— AIM OF THE EXERCISE —
Images aside, the whole listing should be written out word for word.

— SUPPLIED INFORMATION —
+ + +

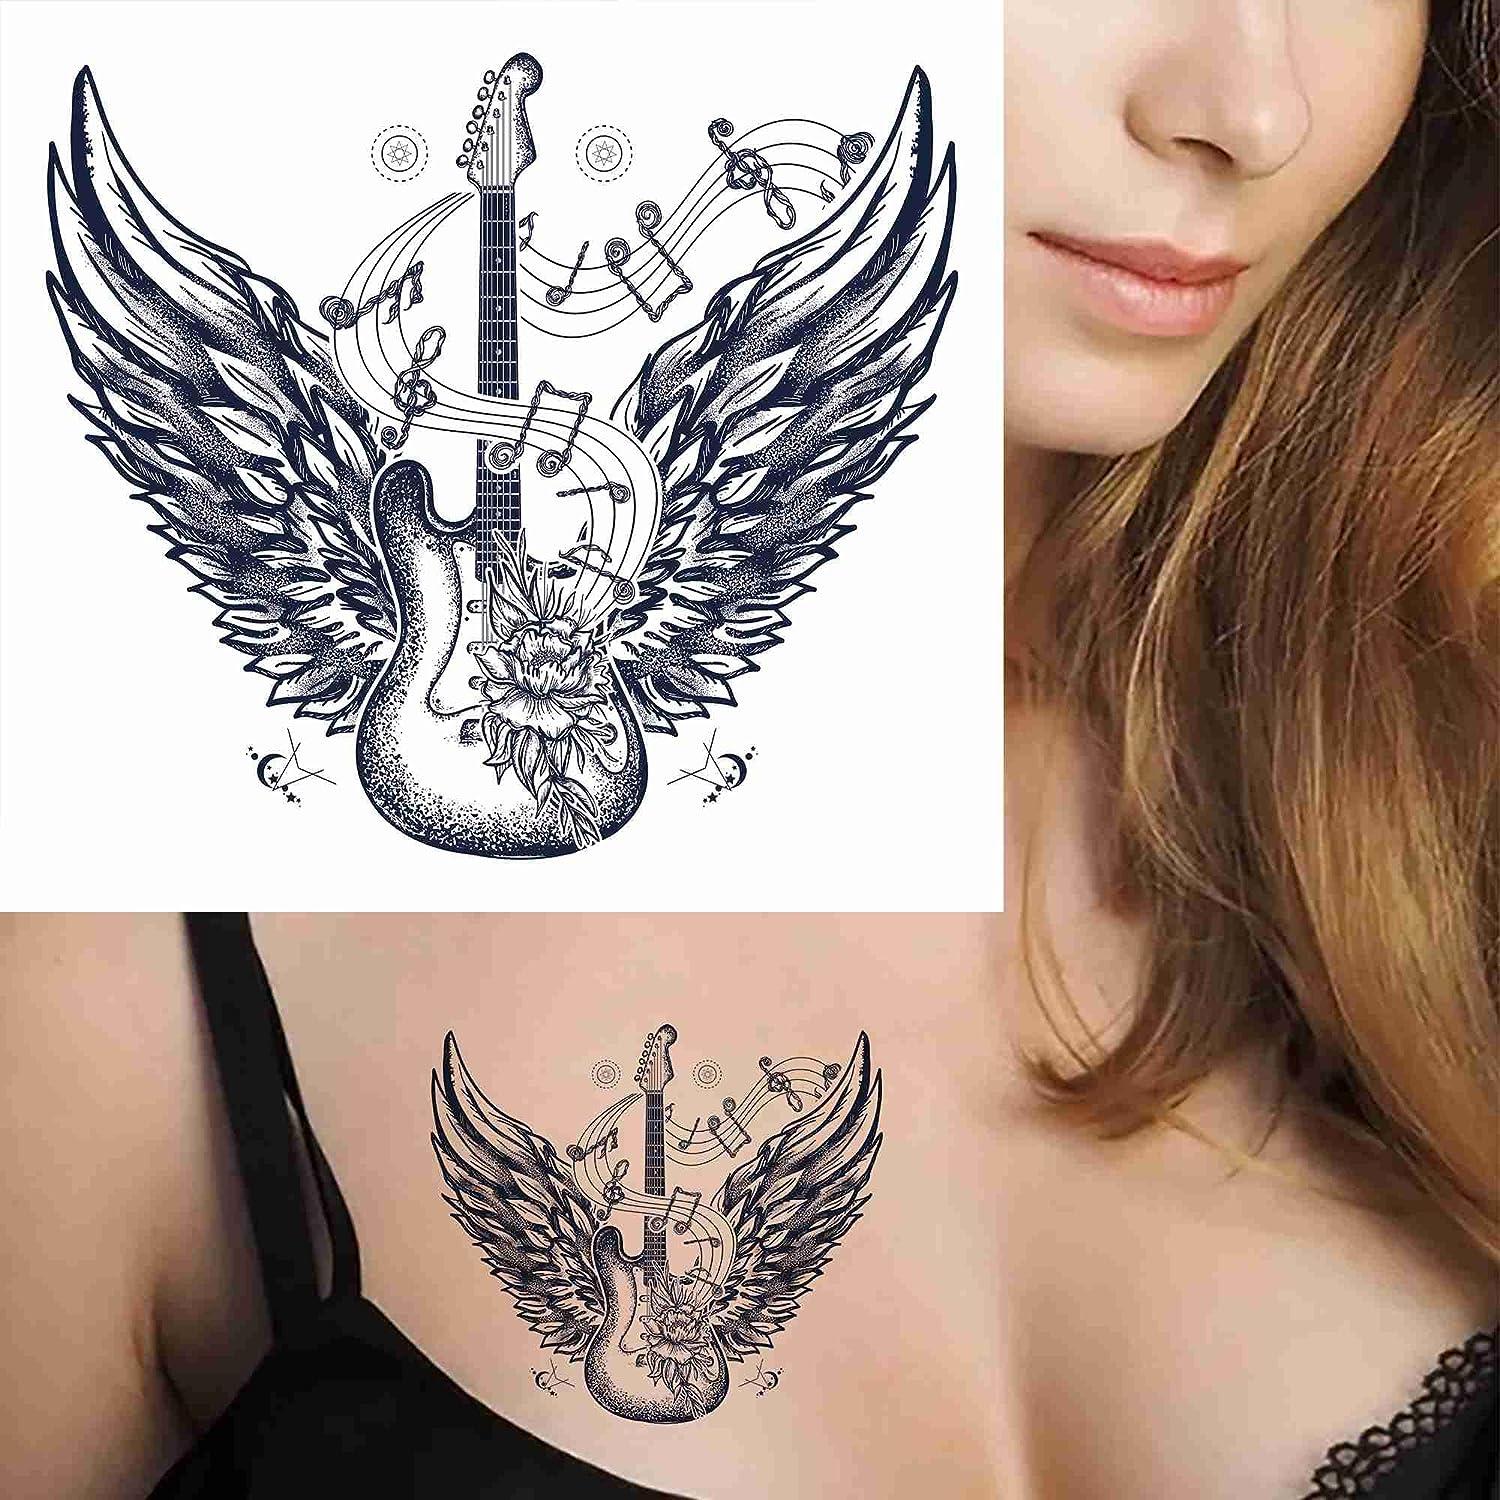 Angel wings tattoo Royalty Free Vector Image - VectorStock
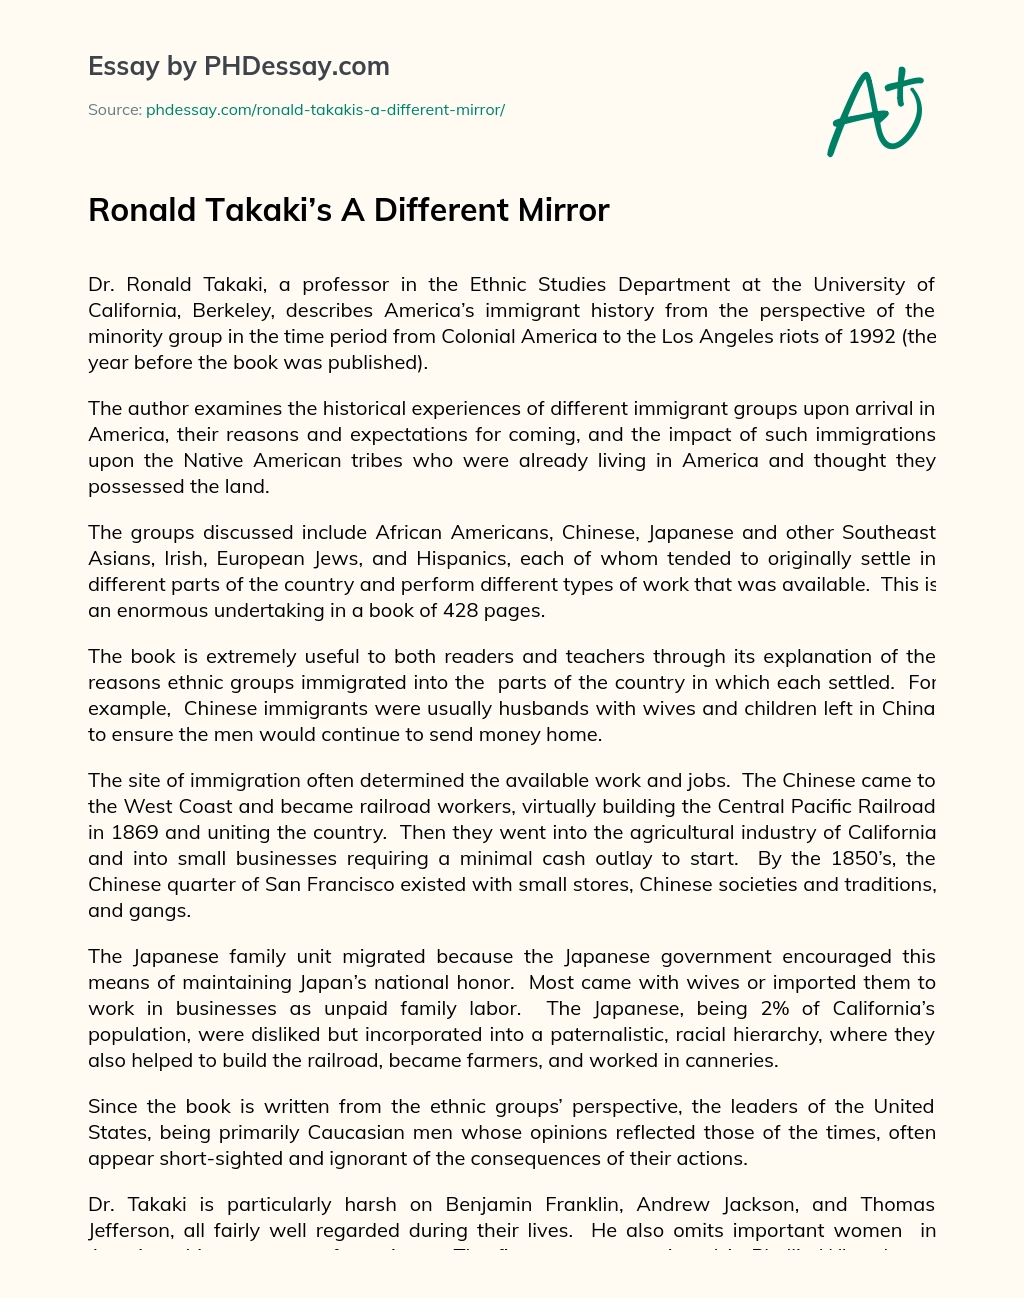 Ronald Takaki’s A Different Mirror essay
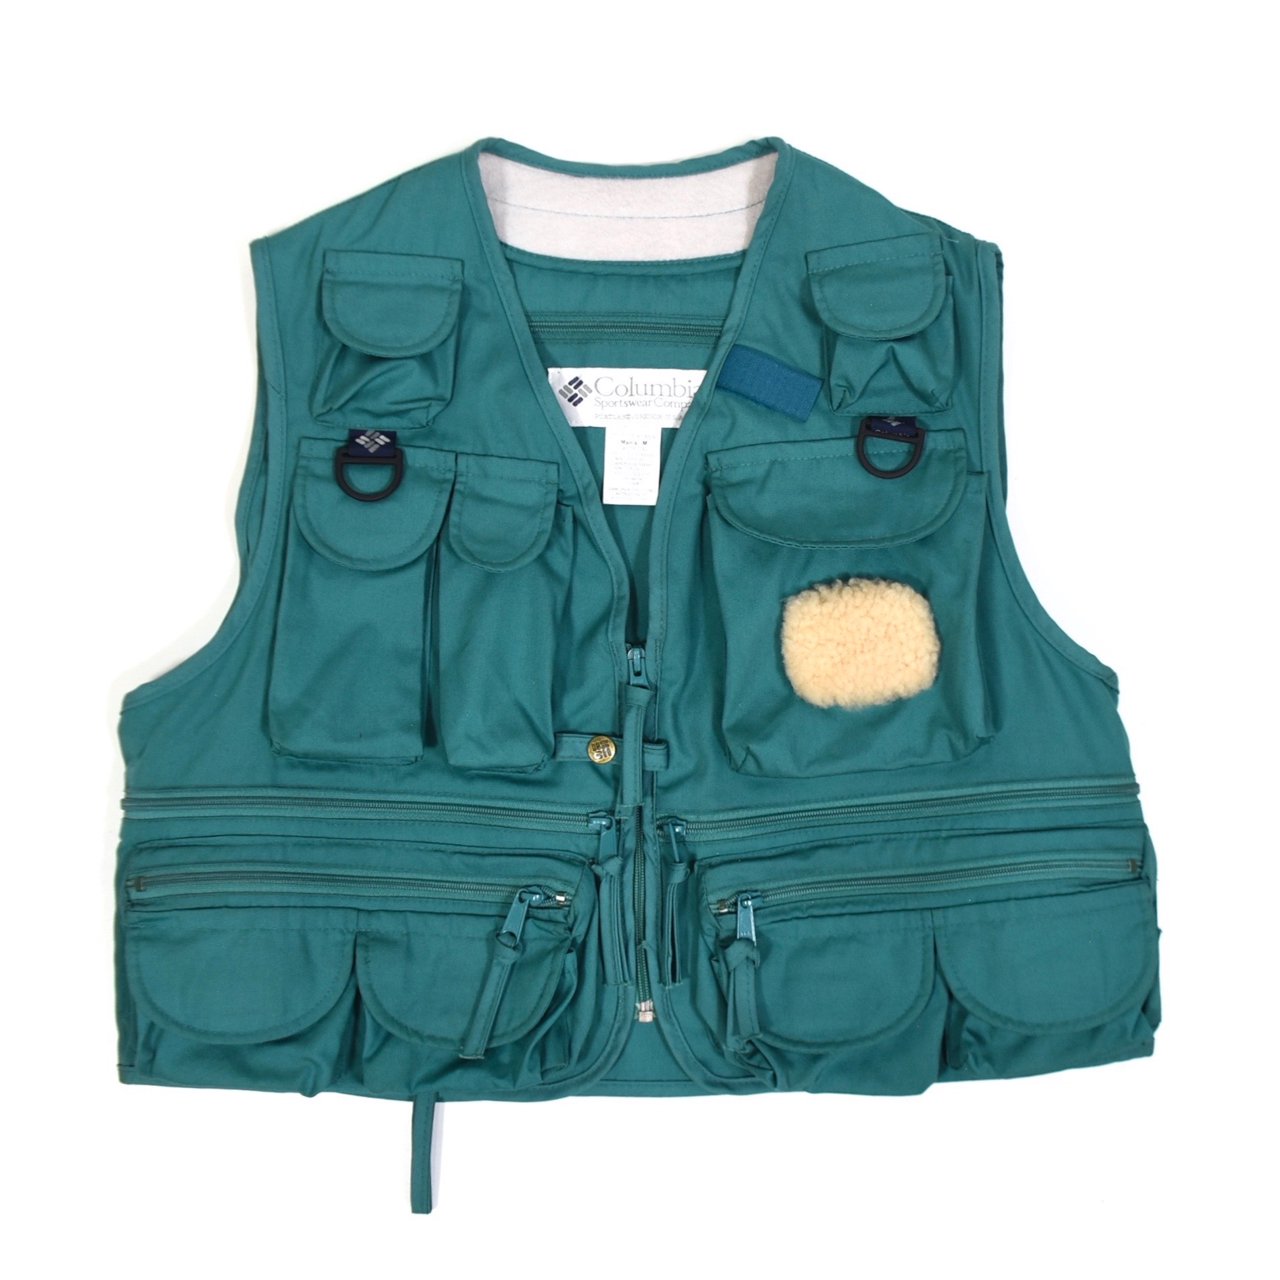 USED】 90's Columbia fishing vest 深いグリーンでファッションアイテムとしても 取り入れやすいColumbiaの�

+ + +

— SOLUTION TO THIS TASK —
 Angel wings tattoo Royalty Free Vector Image - VectorStock
 Ronald Takaki’s A Different Mirror essay
 USED】 90's Columbia fishing vest 深いグリーンでファッションアイテムとしても 取り入れやすいColumbiaの�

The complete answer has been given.